§ Task requirements: Without changing a word, return the listing below, minus its images.

§ Collected data:
* * * * * * *
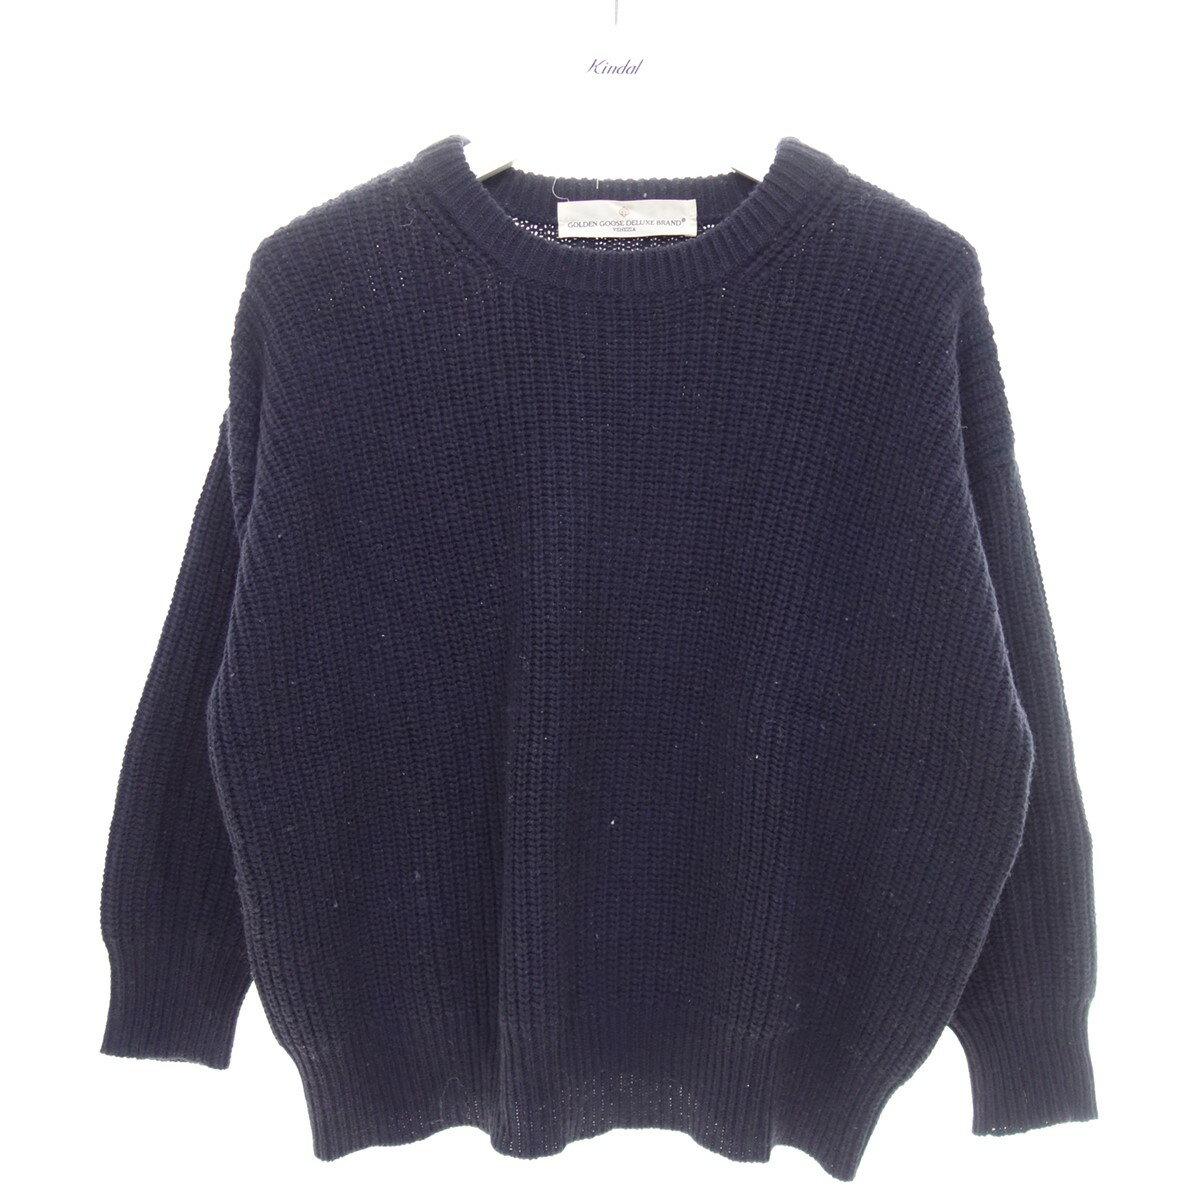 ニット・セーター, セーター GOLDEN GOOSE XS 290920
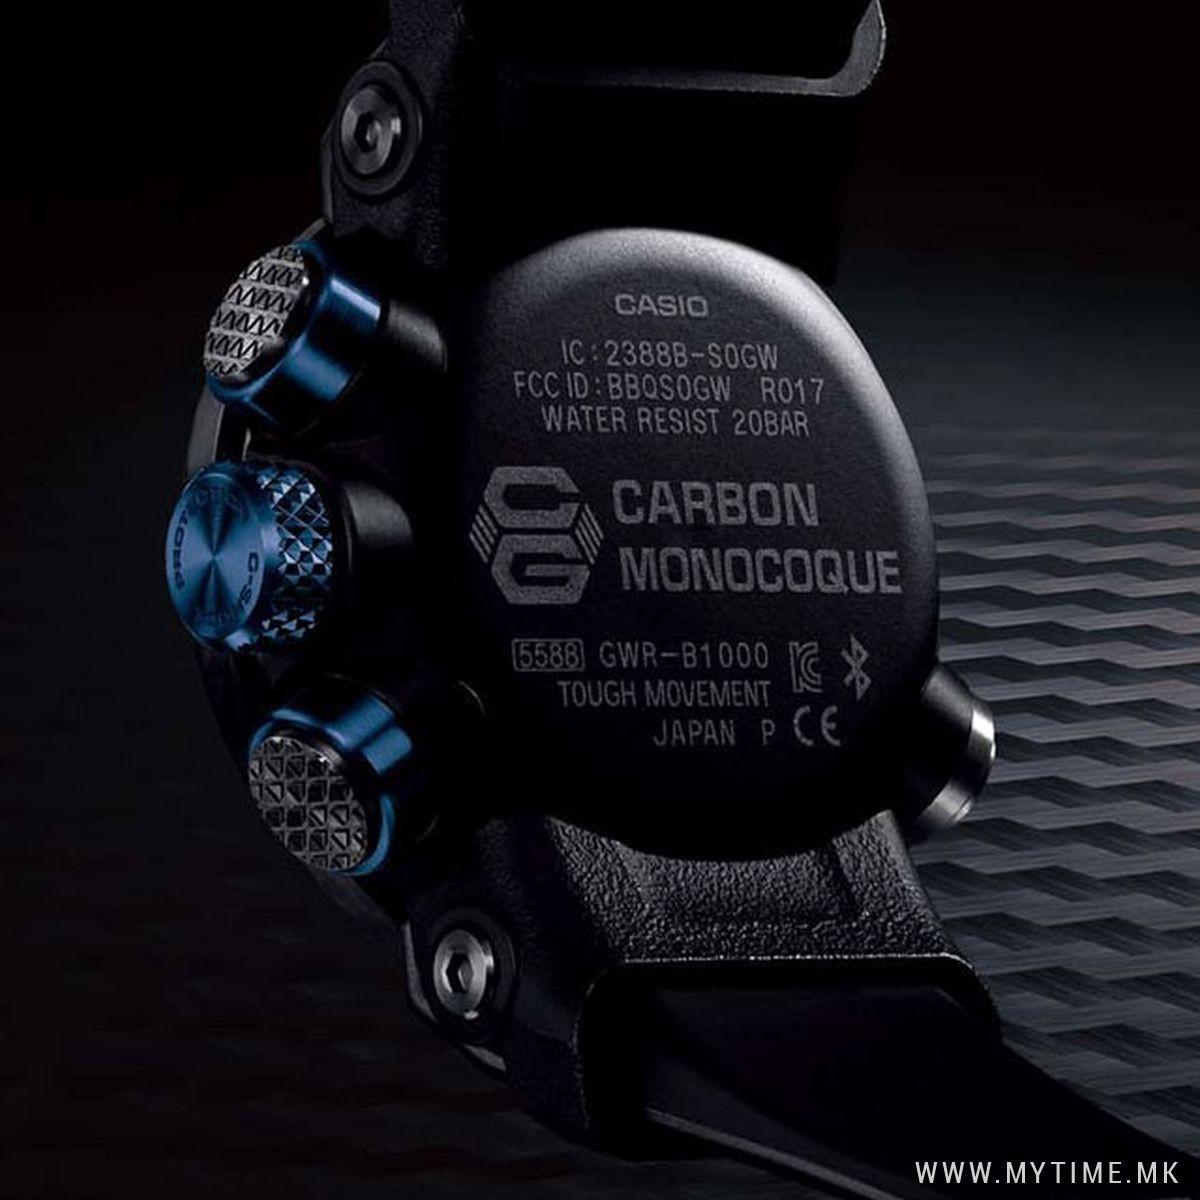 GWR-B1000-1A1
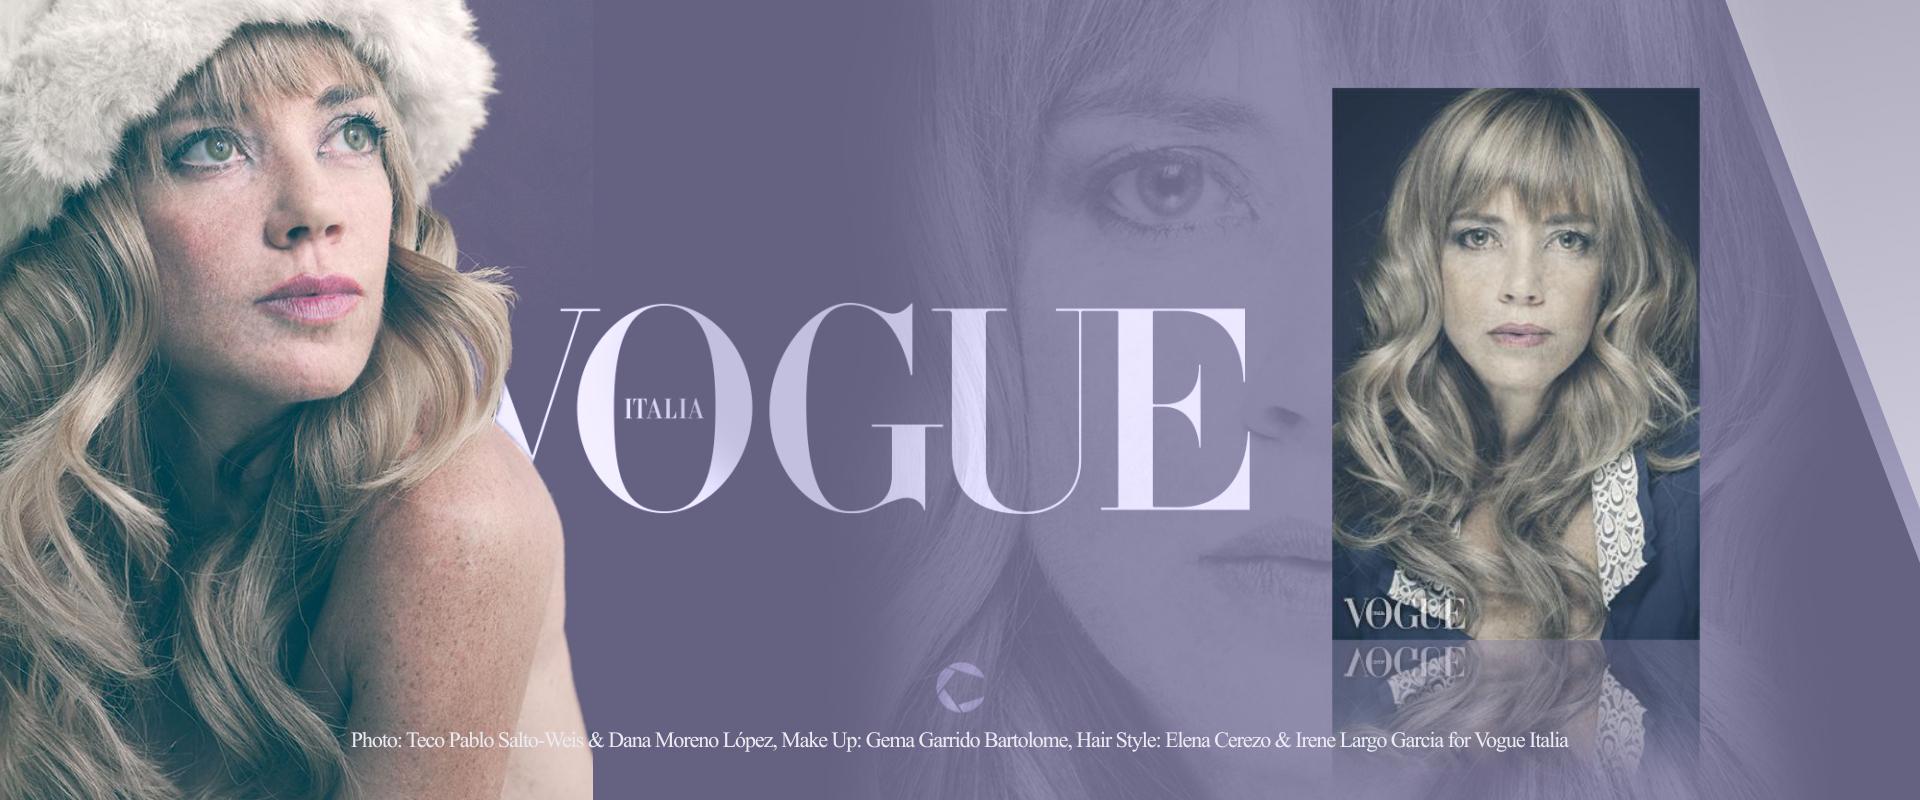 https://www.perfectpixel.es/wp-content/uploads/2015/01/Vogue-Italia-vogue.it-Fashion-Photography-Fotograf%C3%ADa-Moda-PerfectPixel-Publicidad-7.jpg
* * * * * * *
§ Task solution:
 ニット・セーター, セーター GOLDEN GOOSE XS 290920
 GWR-B1000-1A1
 https://www.perfectpixel.es/wp-content/uploads/2015/01/Vogue-Italia-vogue.it-Fashion-Photography-Fotograf%C3%ADa-Moda-PerfectPixel-Publicidad-7.jpg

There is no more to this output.